One hot July day, I had to play a private party on the USS Intrepid, which is an aircraft carrier docked at Pier 86 on the west side of Manhattan. This was one of my first gigs outside of college and I didn’t really ask or plan out the load-in logistics.

I drove to a gate where the guard let me drive through to drop off the harp. Okay, now what? I called the event coordinator. No answer. The guard told me he will send help to get the harp on the ship. A few moments passed, and then I saw someone lower a pallet from the ship, attached to ropes on a pulley system. I called out and asked if this contraption is to get my harp on board. To my dismay a worker informed me that it was. I almost died.

I then asked if there was a way I could be on the pallet with the harp. The worker told me I couldn’t because I would probably fall off. Well then, this won’t work!
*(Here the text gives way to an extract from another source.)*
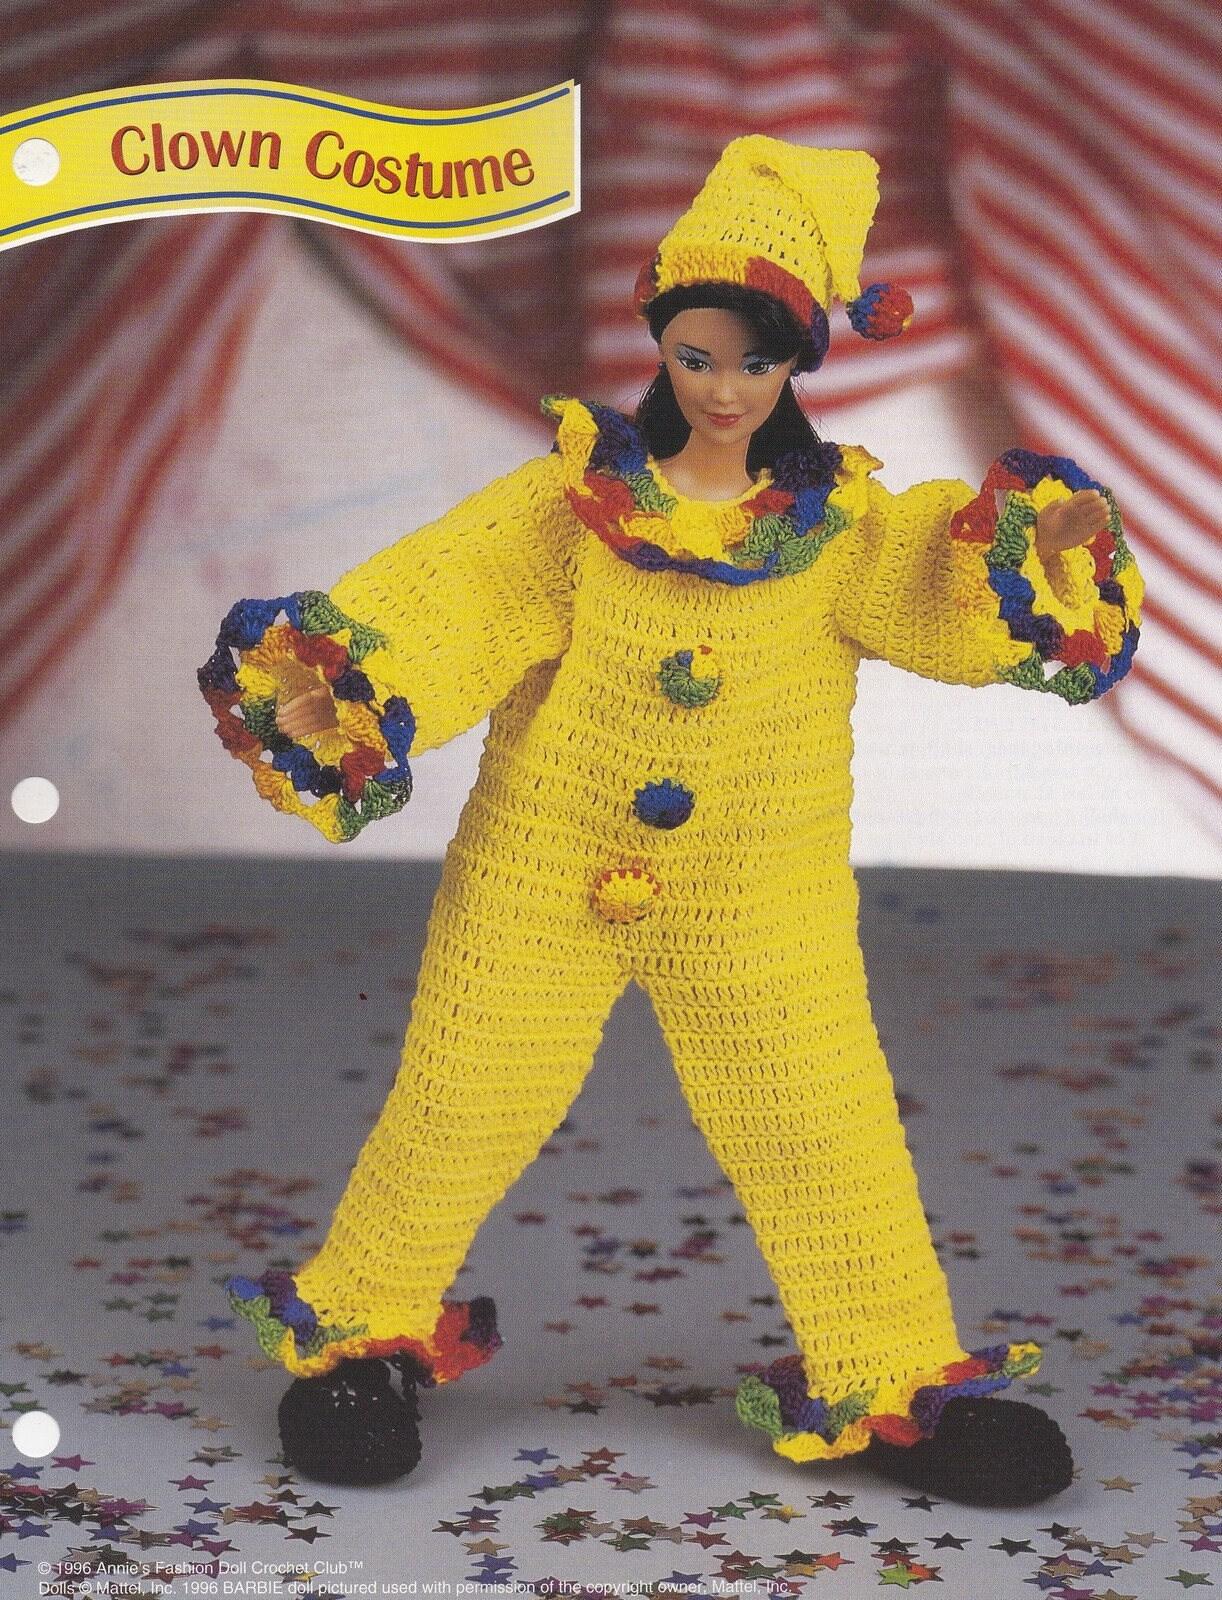 Clown-Kostüm Annie Attic Mode Puppe häkeln Muster Club

I asked what the alternative is, and he pointed to 12 flights of stairs. It was my first (and hopefully my last) harp move up a dozen flights of agonizing, treacherous, exhausting stairs in the sweltering summer heat. I arrived at the event space on the ship dripping in sweat, only to discover that the venue’s air conditioning is broken. Oh, and there was an elevator at the base of the ship.
—Matthew Tutsky, Boise, Idaho

Some years ago I played two funeral services for the same family, two weeks apart. The family was not expecting to lose their grandparents within one week of each other, even though they were in their nineties. The one and only song request was “Won’t You Come With Me, Lucille, In My Merry Oldsmobile?” a well-known song from turn of the 20th century.

I was asked to play the song and nothing else for the entire service at appointed times, in every way possible that I could. For the departed grandparents, the tune was “their song.” Changing keys notwithstanding, it was a great challenge to play it in swing and jazz, and then go to Latin and I can’t remember what else I ended up doing.

The family  warmly expressed their approval and delight, for which I was relieved and grateful. I was never so glad to pack up the harp and drive home.
—Stella Castellucci, Santa Monica, Calif.